[patch] scheduler bits for 2.5.27, -D4

From: Ingo Molnar (mingo@elte.hu)
Date: Wed Jul 24 2002 - 13:45:04 EST


updated scheduler changes/fixes, against BK-current:

   http://redhat.com/~mingo/O(1)-scheduler/sched-2.5.27-D4

the main change in -D4 (besides the merging) is that i've reworked the
lowlevel entry.S hot-path impact of SCHED_BATCH. The test for SCHED_BATCH
is now done in entry.S, so the cost of SCHED_BATCH is a single instruction
in the 'work pending' path, plus a comparison & branch instruction in the
'need to do preemption' path.

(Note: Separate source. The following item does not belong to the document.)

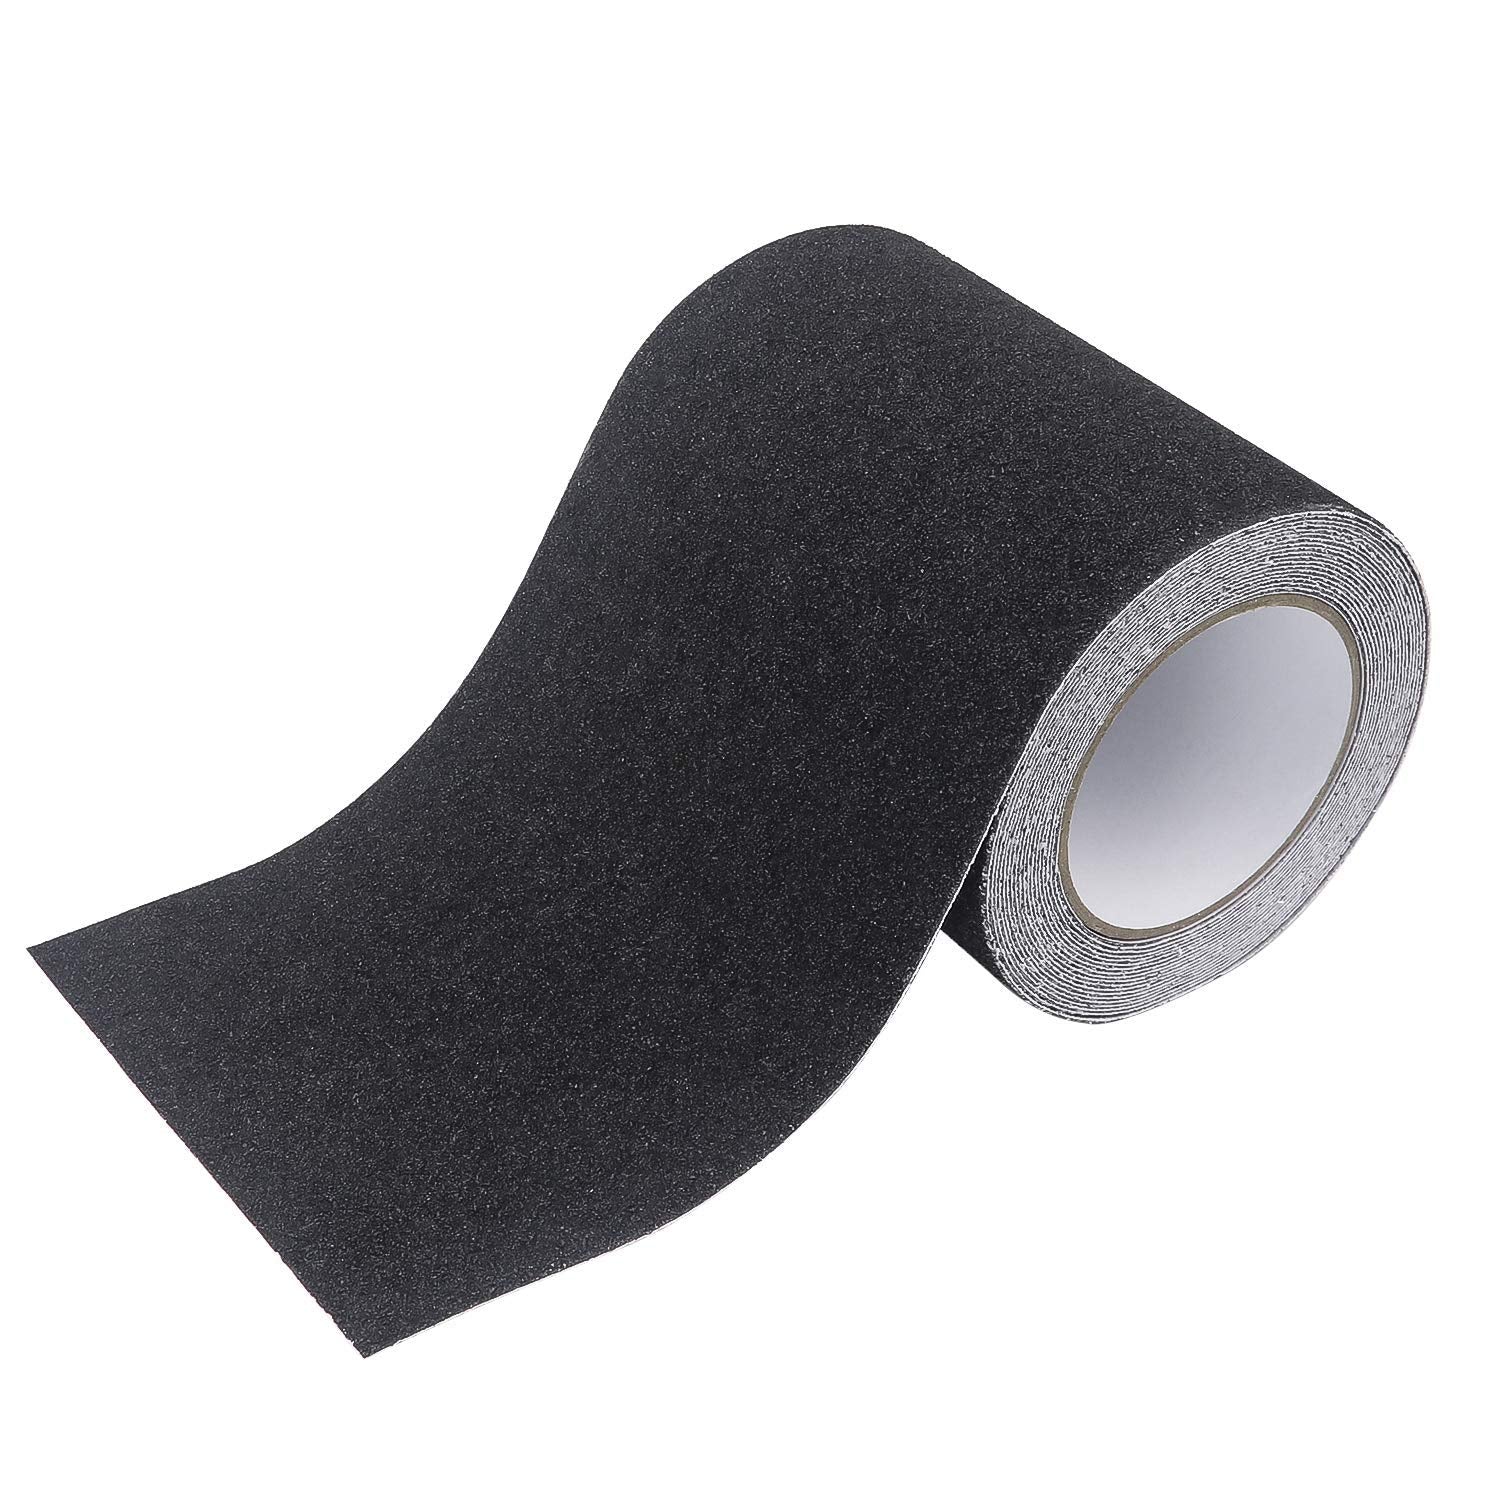 Anti Slip Tape | Good Grip, Friction | Safety Anti Skid Tapes for Slippery floors LifeKrafts
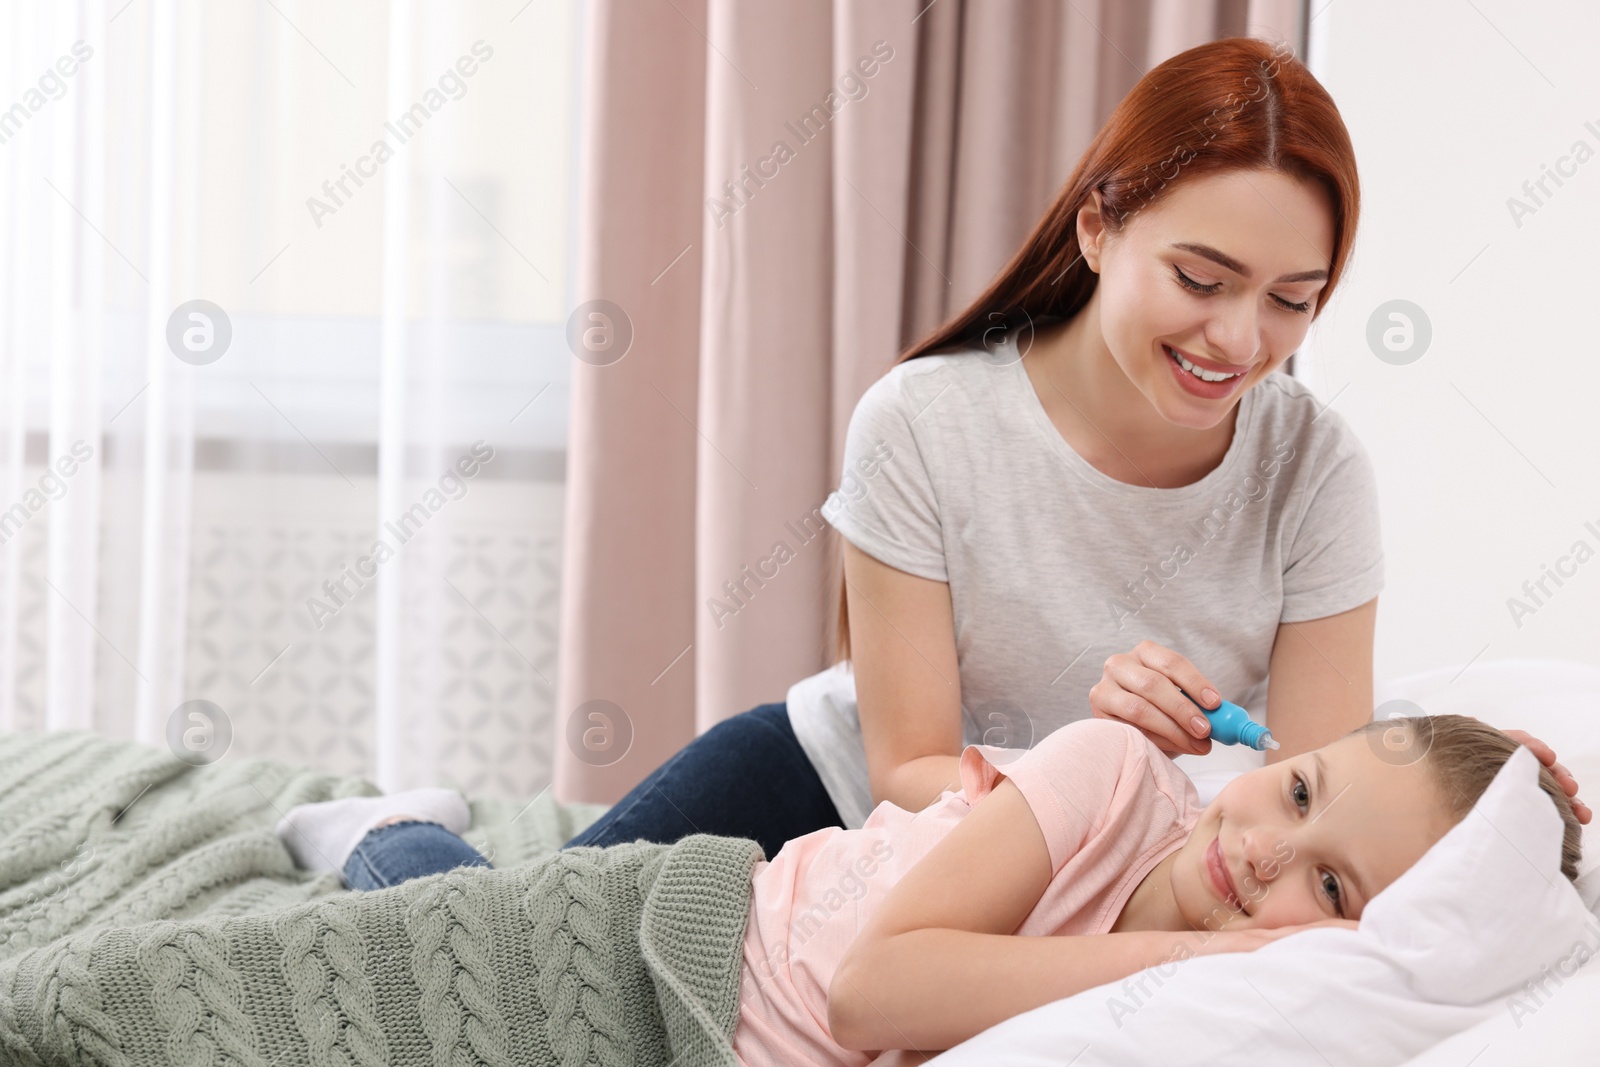 Photo of Mother dripping medication into daughter's ear in bedroom

This is the only overhead that non-batch
processes see - the remaining overhead of schedule_batch() happens only
for SCHED_BATCH processes.

(it could be made 3 instructions in the 'need to do preemption' path only,
with the caveat of an AGI. [or its equivalent on other CPUs])

the irq hotpath, the syscall return hotpath is not affected, only the 'we
will context switch now' hotpath is affected.

(-D4 compiles, boots & works just fine on x86 UP and SMP.)

Bugfixes:

 - introduce new type of context-switch locking, this is a must-have for
   ia64 and sparc64.

 - load_balance() bug noticed by Scott Rhine and myself: scan the
   whole list to find imbalance number of tasks, not just the tail
   of the list.

 - sched_yield() fix: use current->array not rq->active.

Features:

 - SCHED_BATCH feature.

 - ->first_time_slice to limit the number of timeslices 'won' via child
   exit - this is the logical equivalent of the child-timeslice
   distribution change in Andrea's tree.

 - sched_yield() cleanup and simplification: yielding puts the task
   into the expired queue. This eliminates spurious yields in which
   the same task repeatedly calls into yield() without achieving
   anything. It's also the most logical thing to do - the yielder
   has asked for other tasks to be scheduled first.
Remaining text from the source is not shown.